What is expected: Transcribe only the lines in the data below falling between the line with "young women on" and the line with "Asana website - manage", including those two lines, and leave out any picture.

Information given:

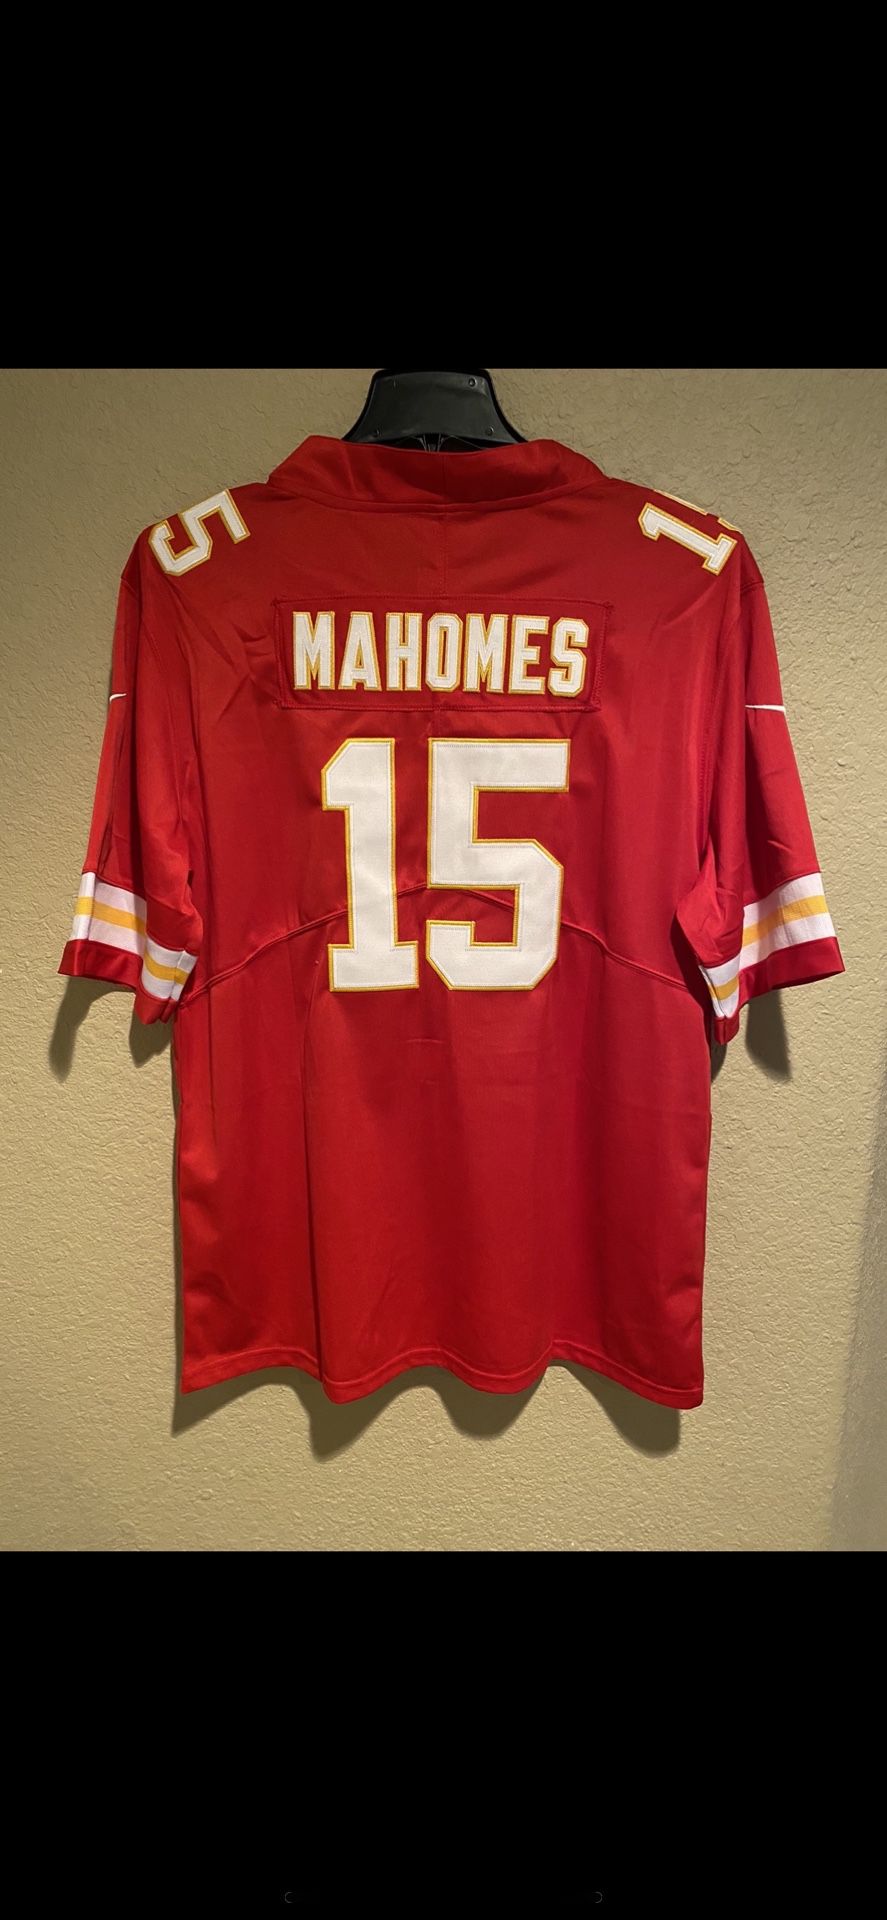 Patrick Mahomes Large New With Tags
==
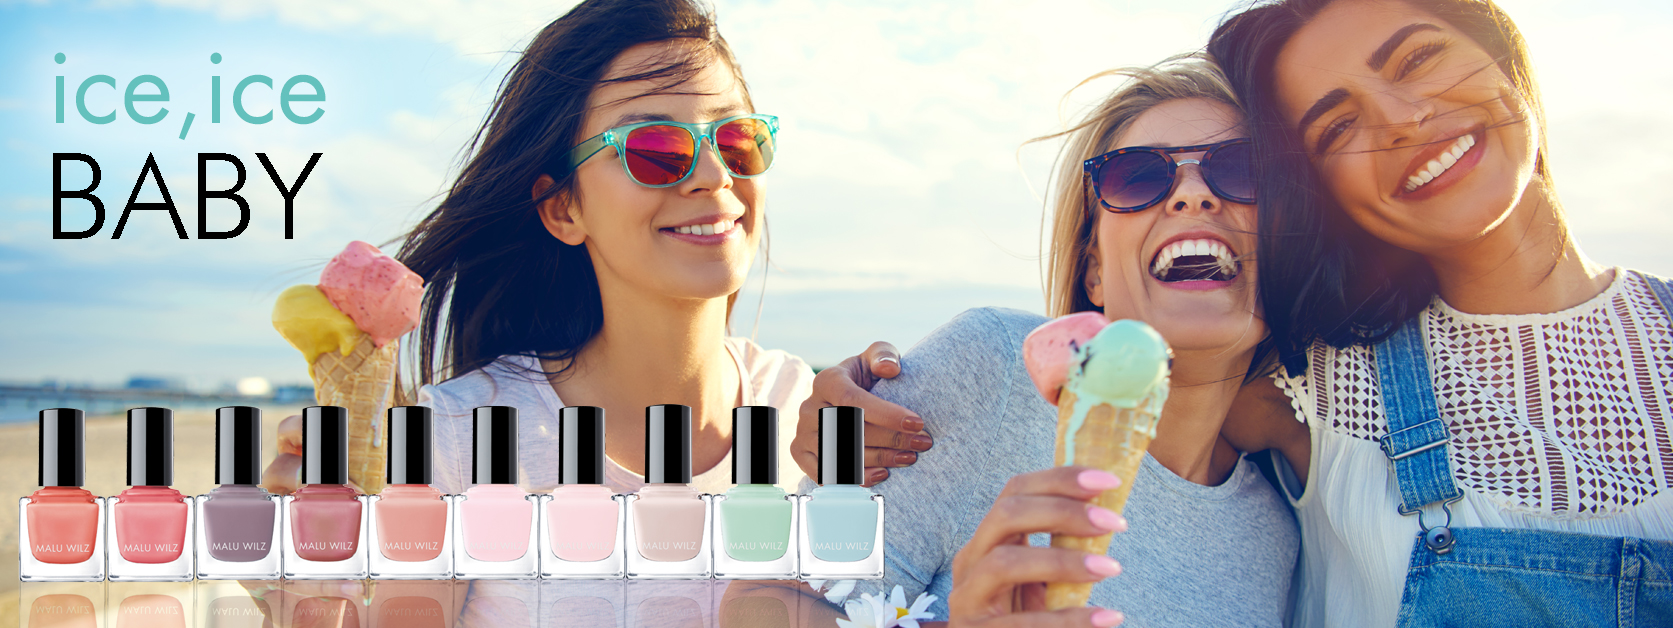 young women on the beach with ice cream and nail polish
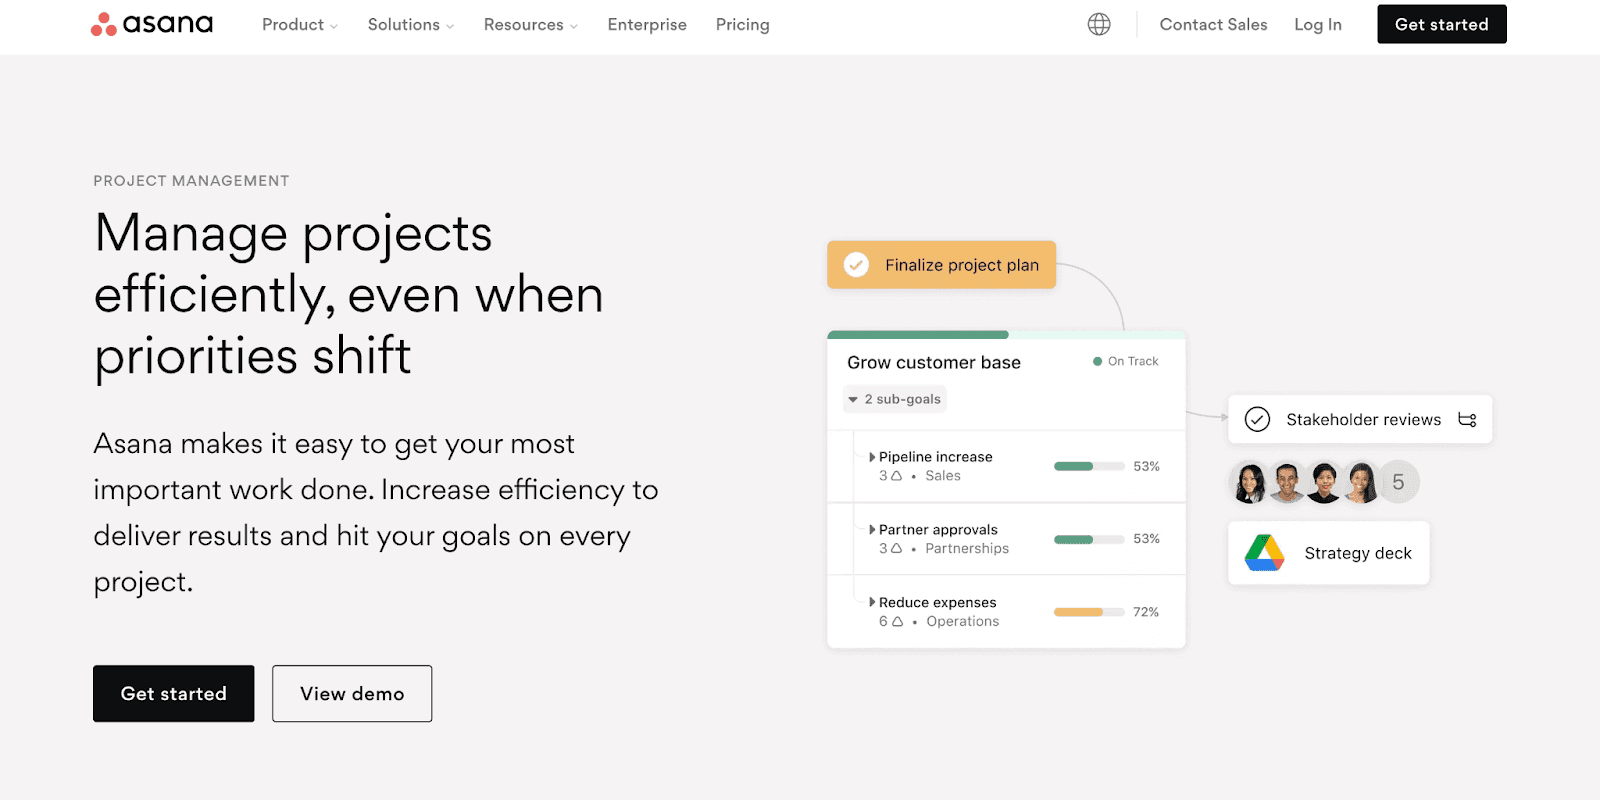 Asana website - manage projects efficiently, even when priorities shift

Output of the task:
 young women on the beach with ice cream and nail polish
 Asana website - manage projects efficiently, even when priorities shift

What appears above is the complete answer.